**What you need to do:**
Going from the top of the listing below to the line that holds "Пленка пвх голубой.", reproduce each line exactly; no pictures.

**Supplied data:**

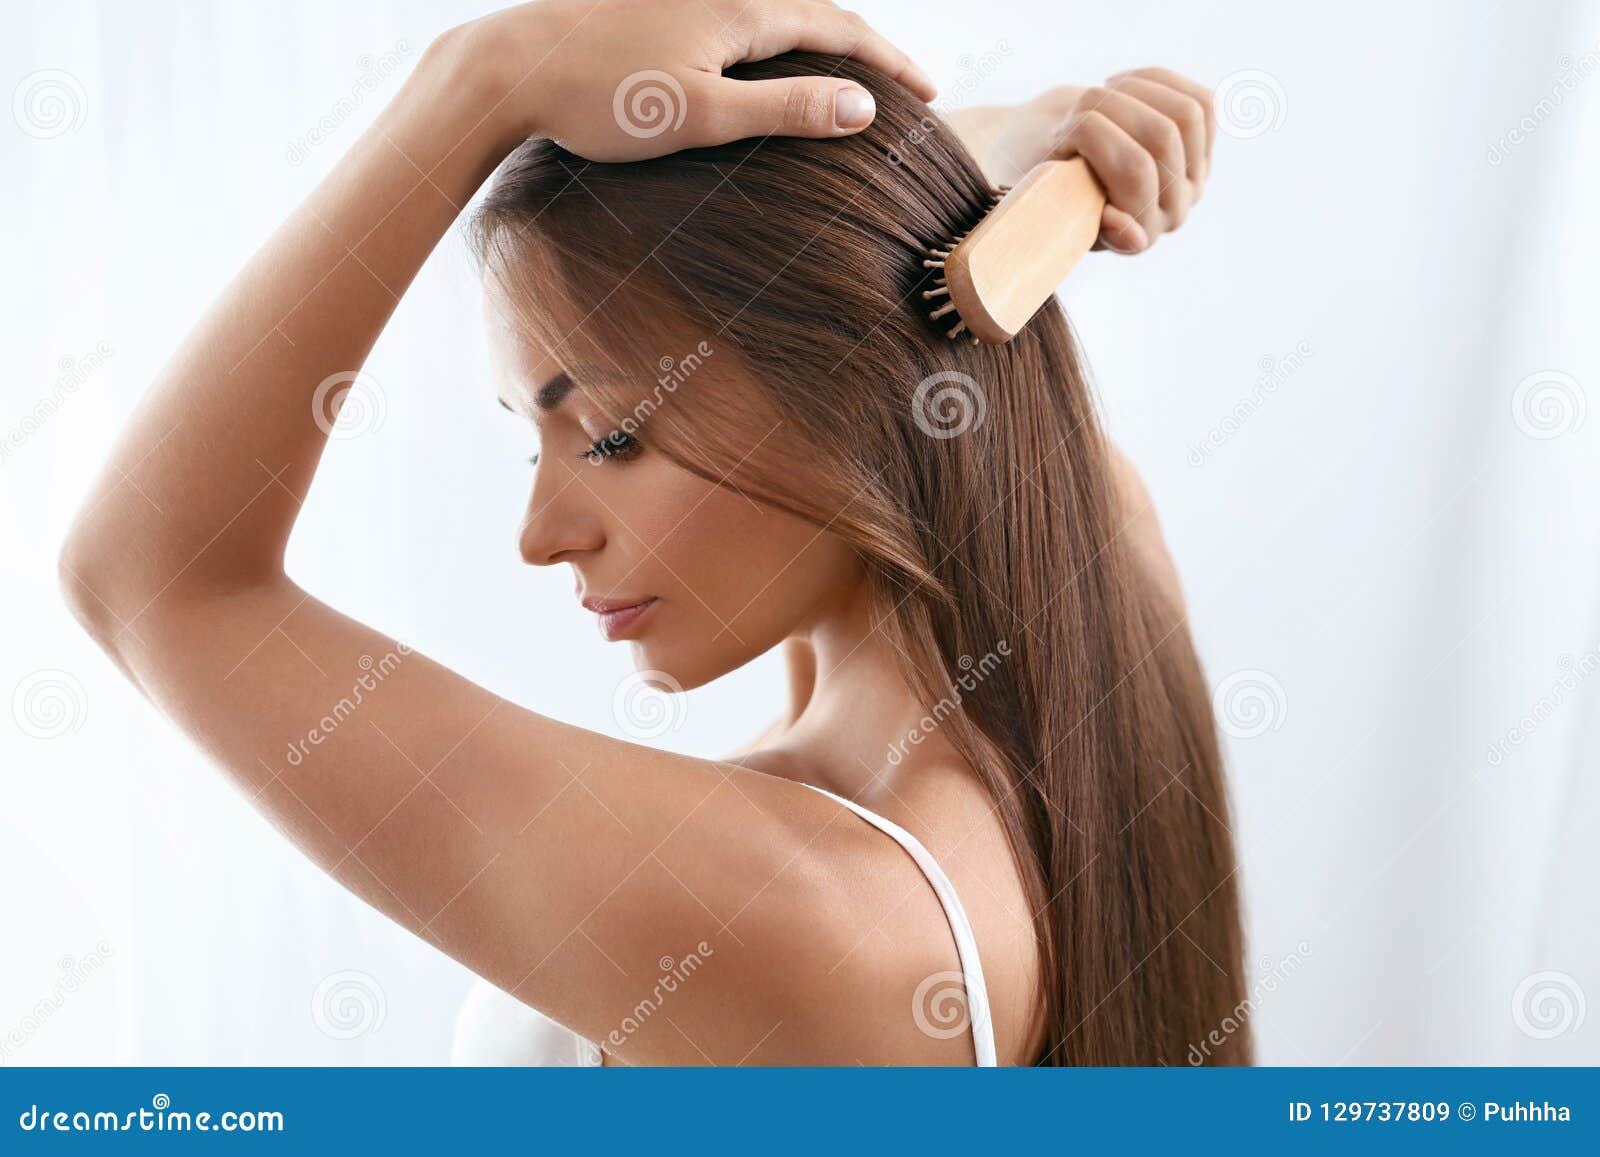 beauty hair care. beautiful woman brushing long healthy hair
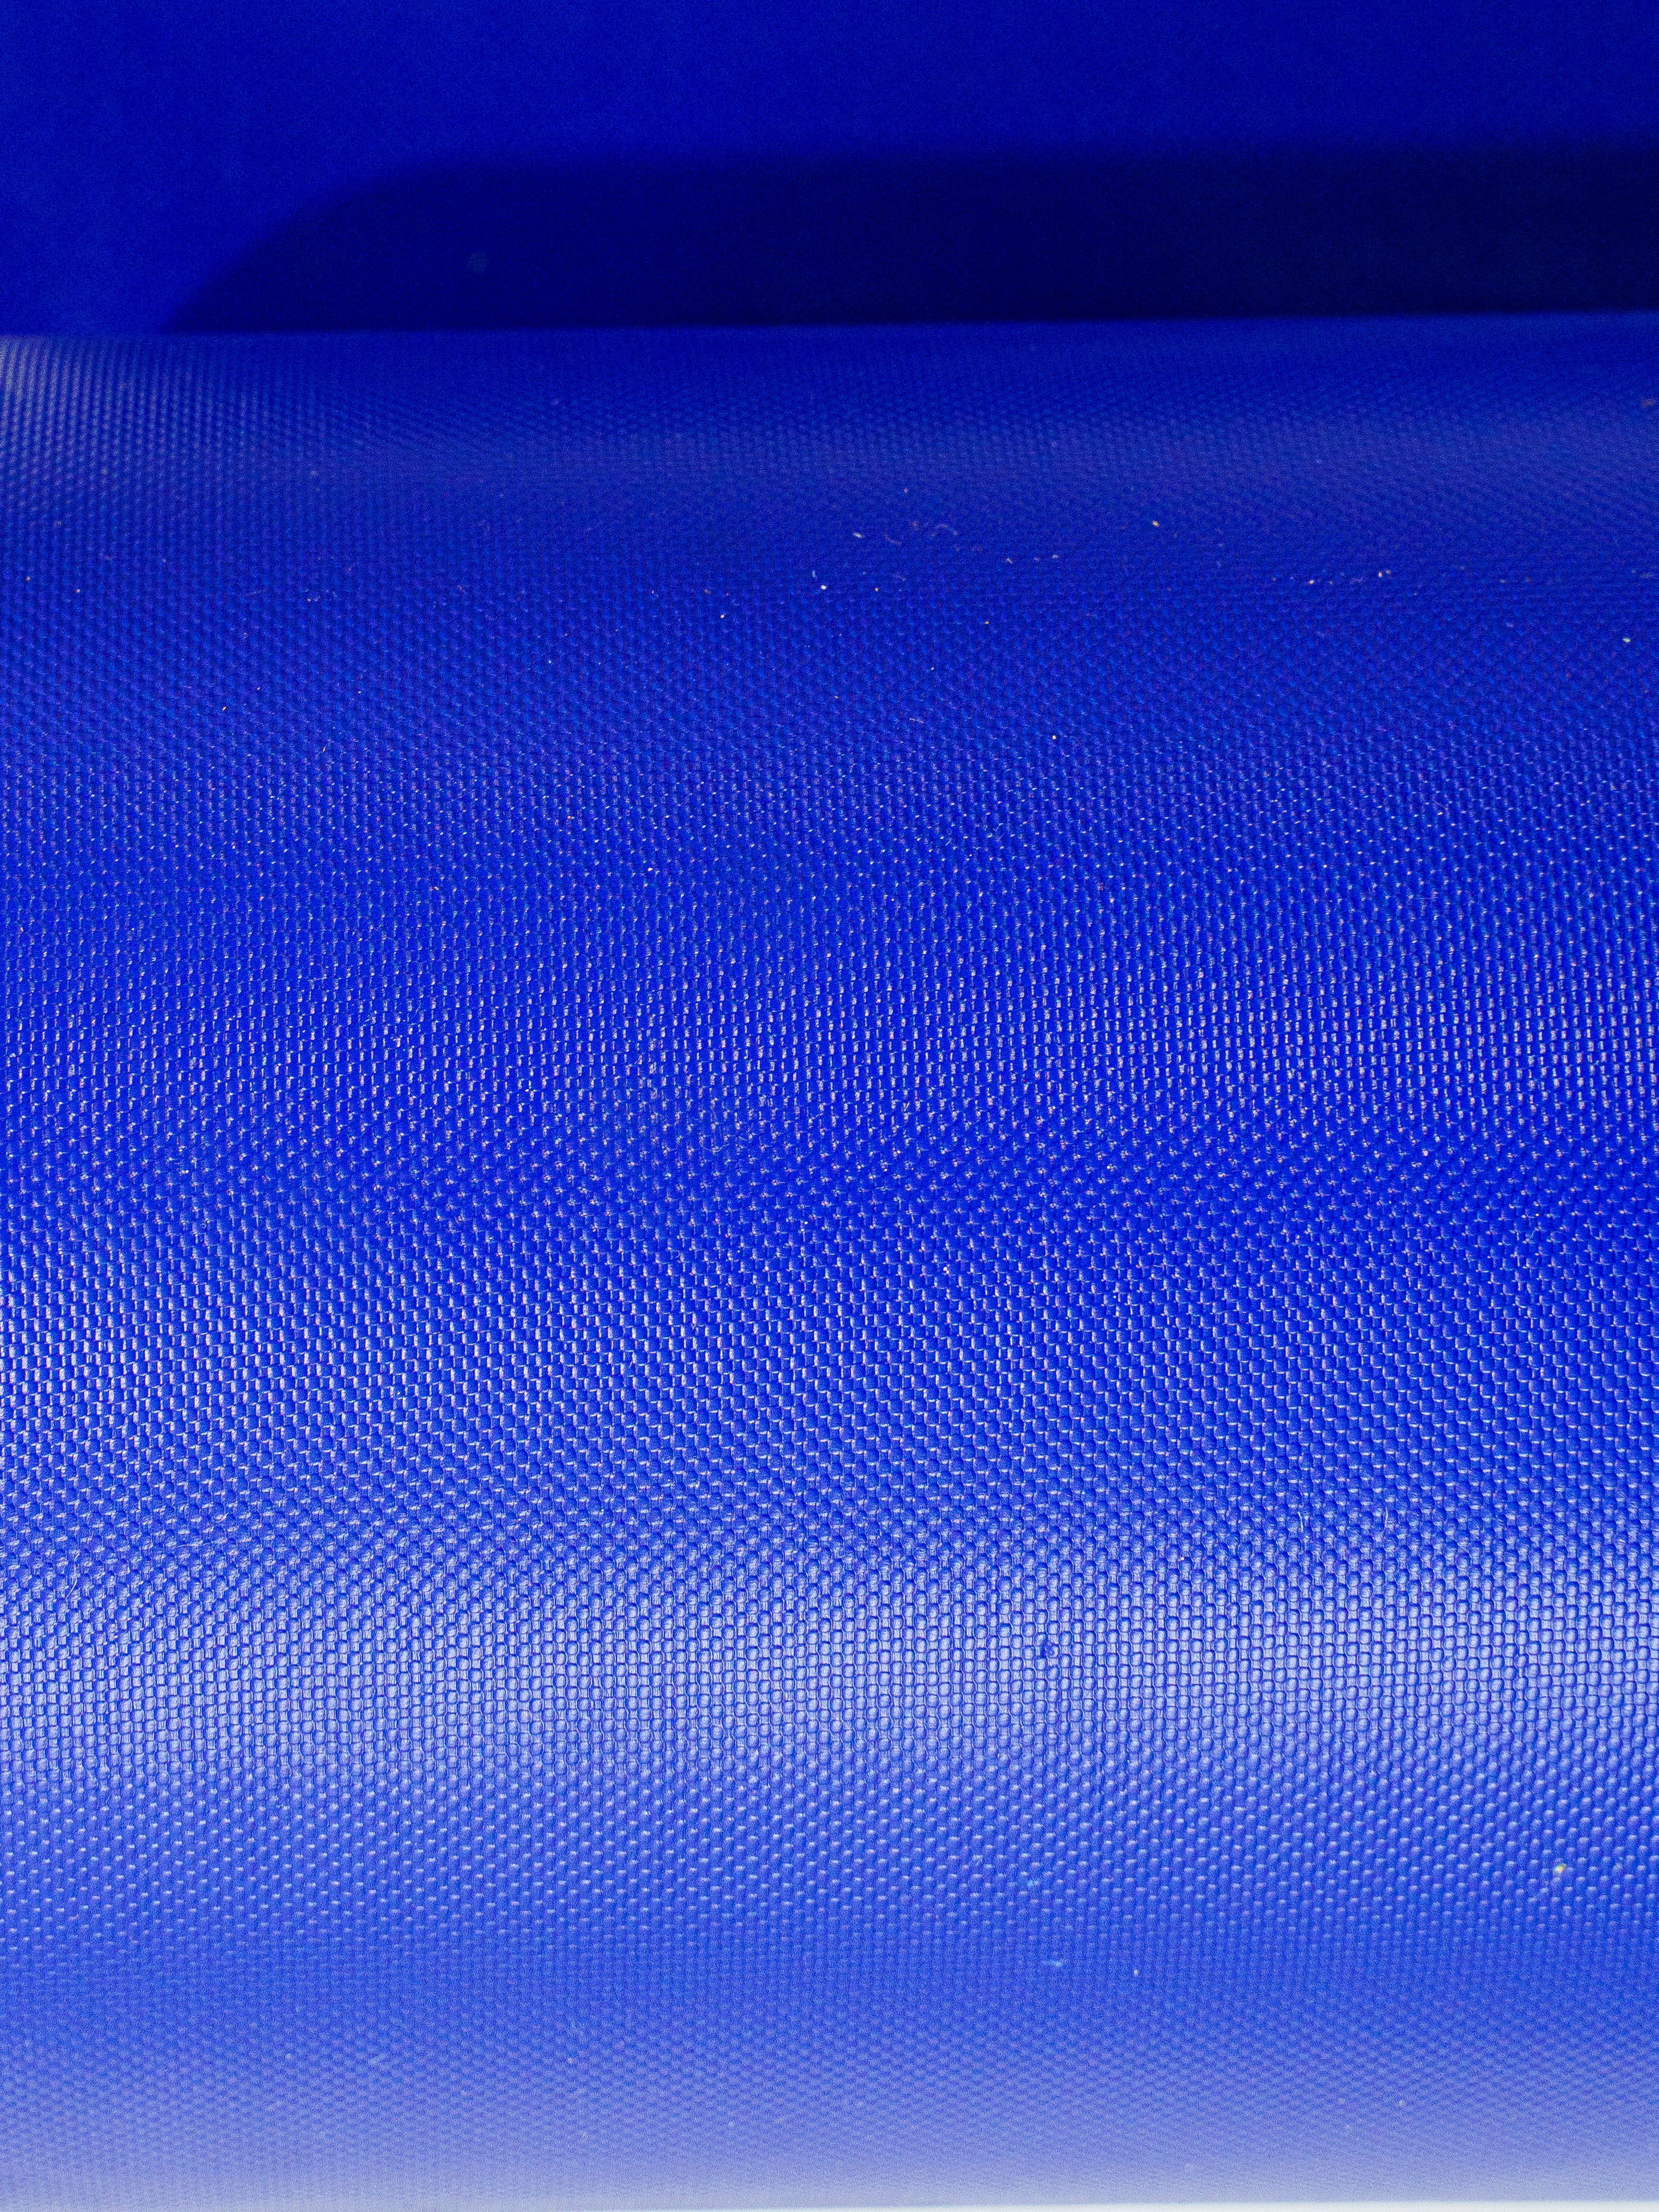 Пленка пвх голубой. Плёнка ПВХ тонированная синяя. Стеновой протектор стандарт 30мм ПВХ-ткань 630гр/м2 НПЭ 22кг/м3. Ткань ПВХ голубая -. Стеновой протектор стандарт 30мм ПВХ-ткань 630гр/м2 НПЭ 22кг/м3 цена.
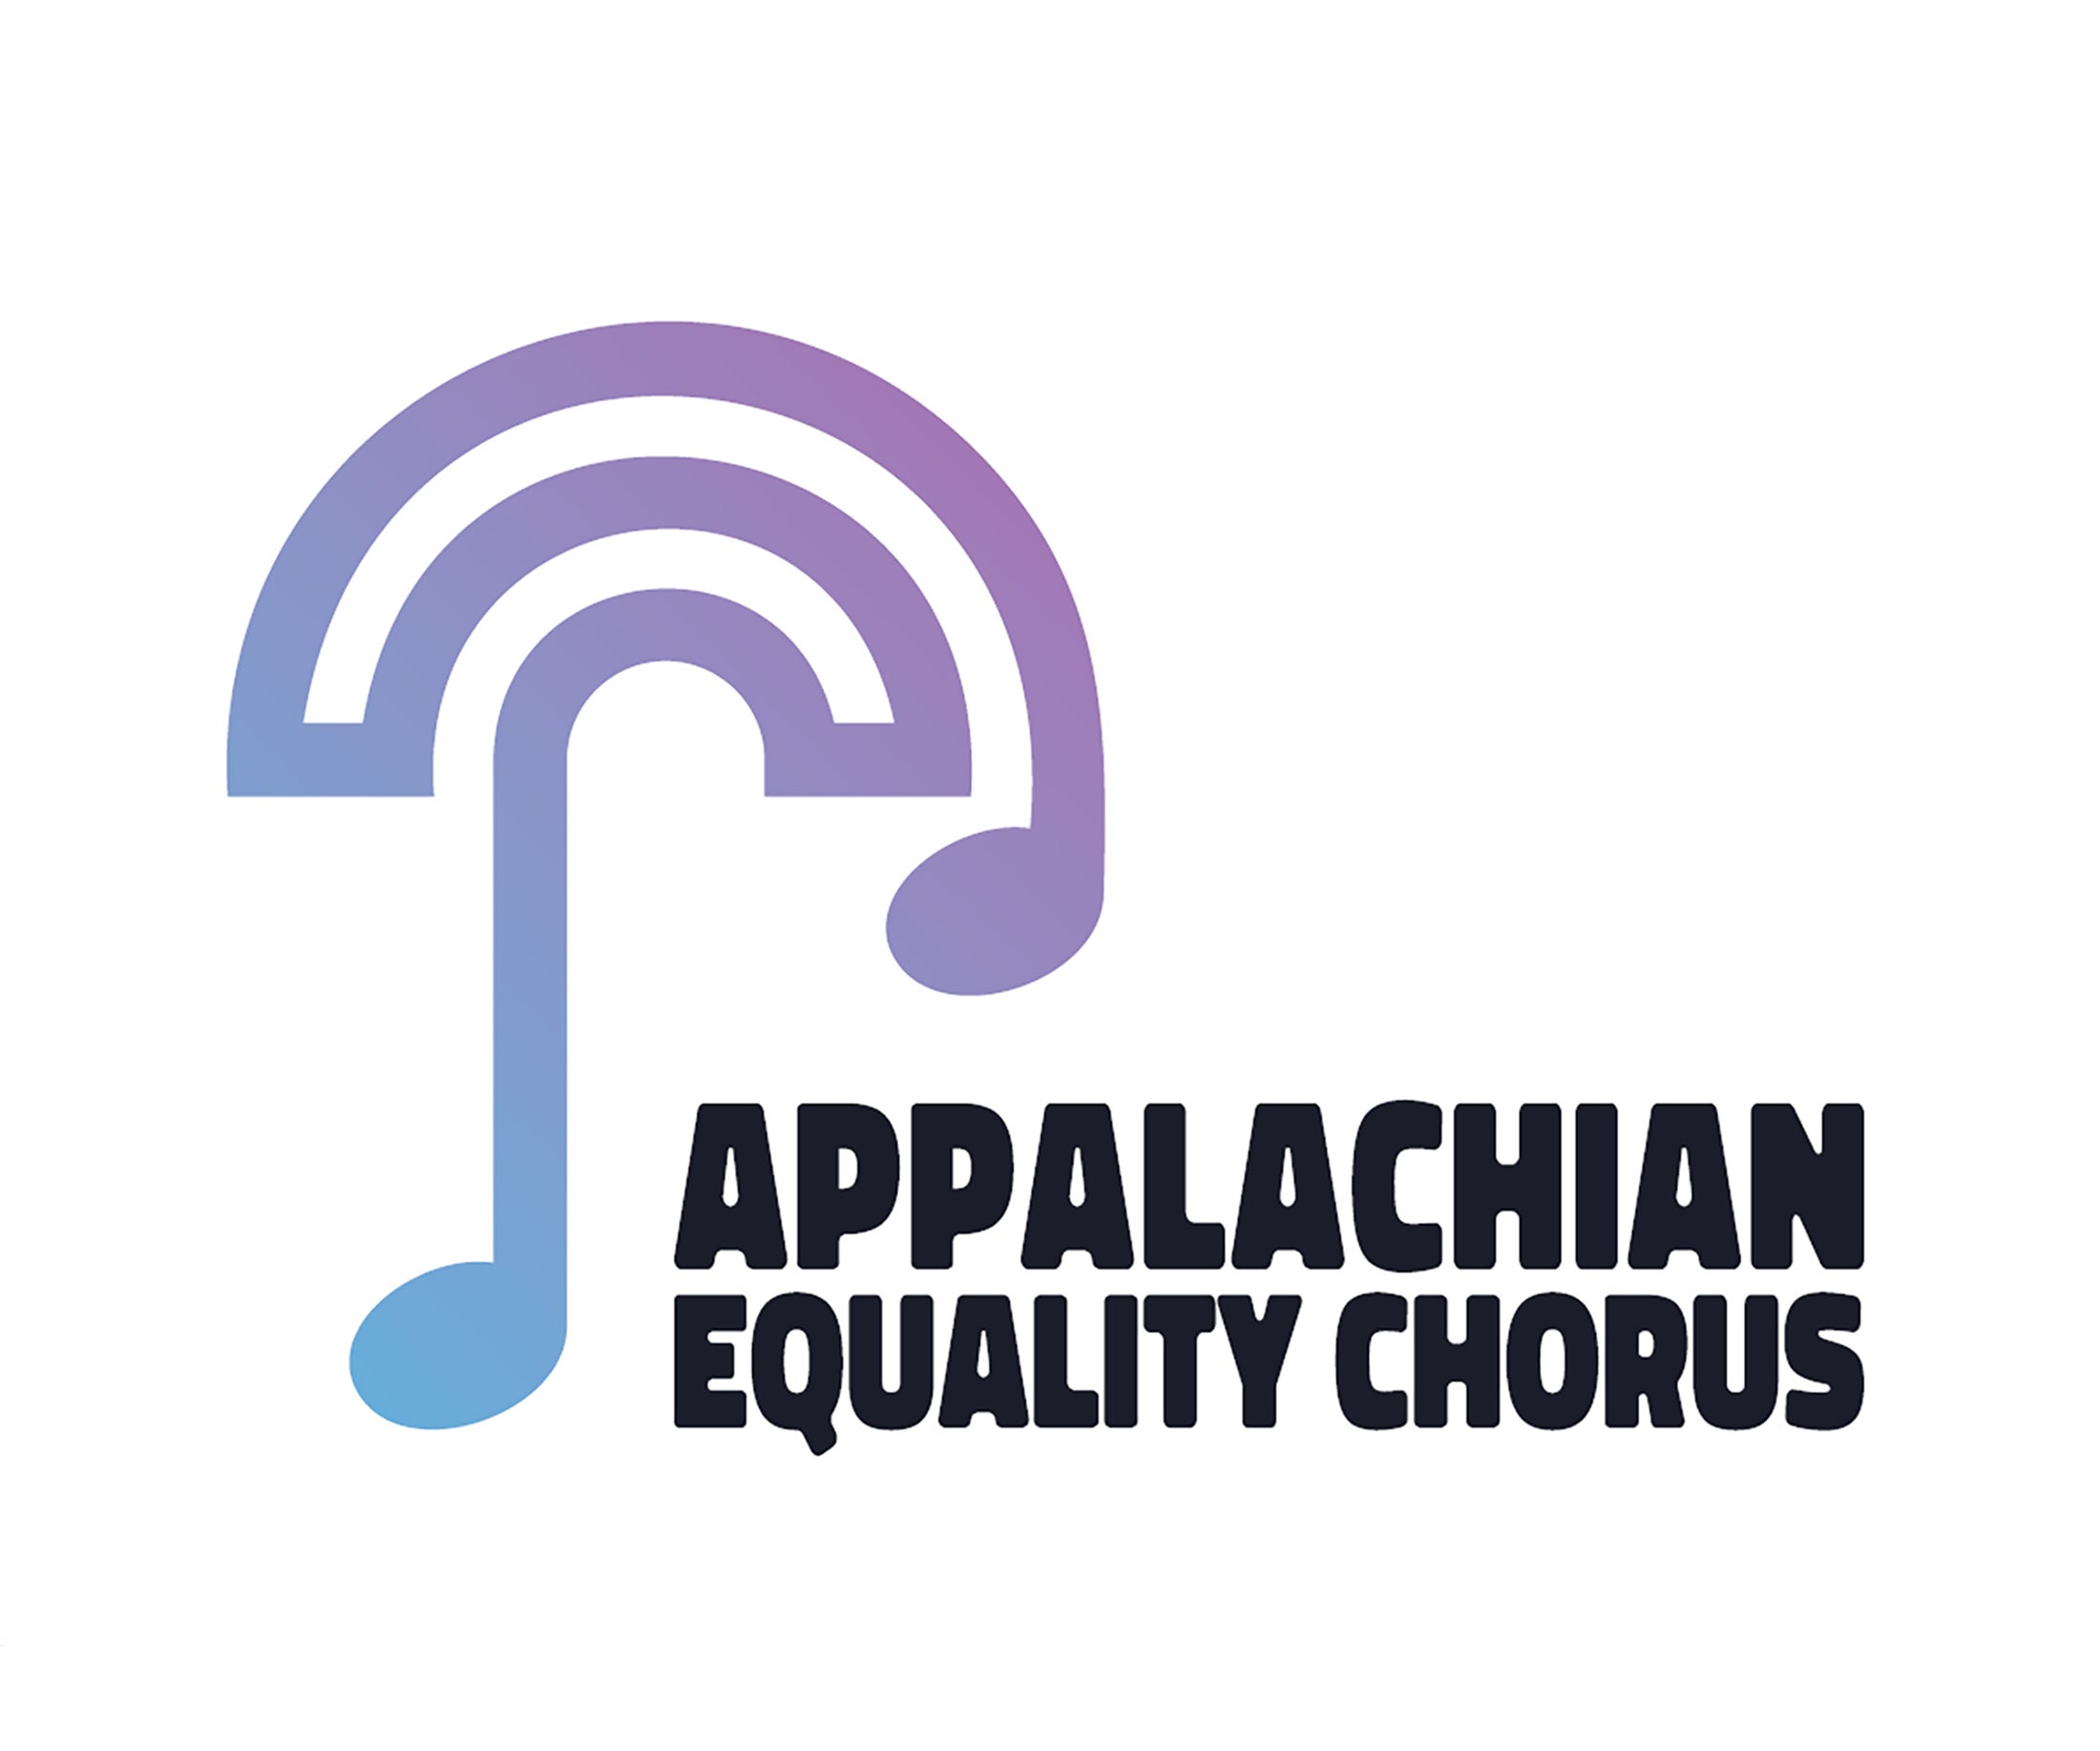 Appalachian Equality Chorus Presents "The Rainbow Runs Over Me" presale passwords

**Result:**
 beauty hair care. beautiful woman brushing long healthy hair
 Пленка пвх голубой. Плёнка ПВХ тонированная синяя. Стеновой протектор стандарт 30мм ПВХ-ткань 630гр/м2 НПЭ 22кг/м3. Ткань ПВХ голубая -. Стеновой протектор стандарт 30мм ПВХ-ткань 630гр/м2 НПЭ 22кг/м3 цена.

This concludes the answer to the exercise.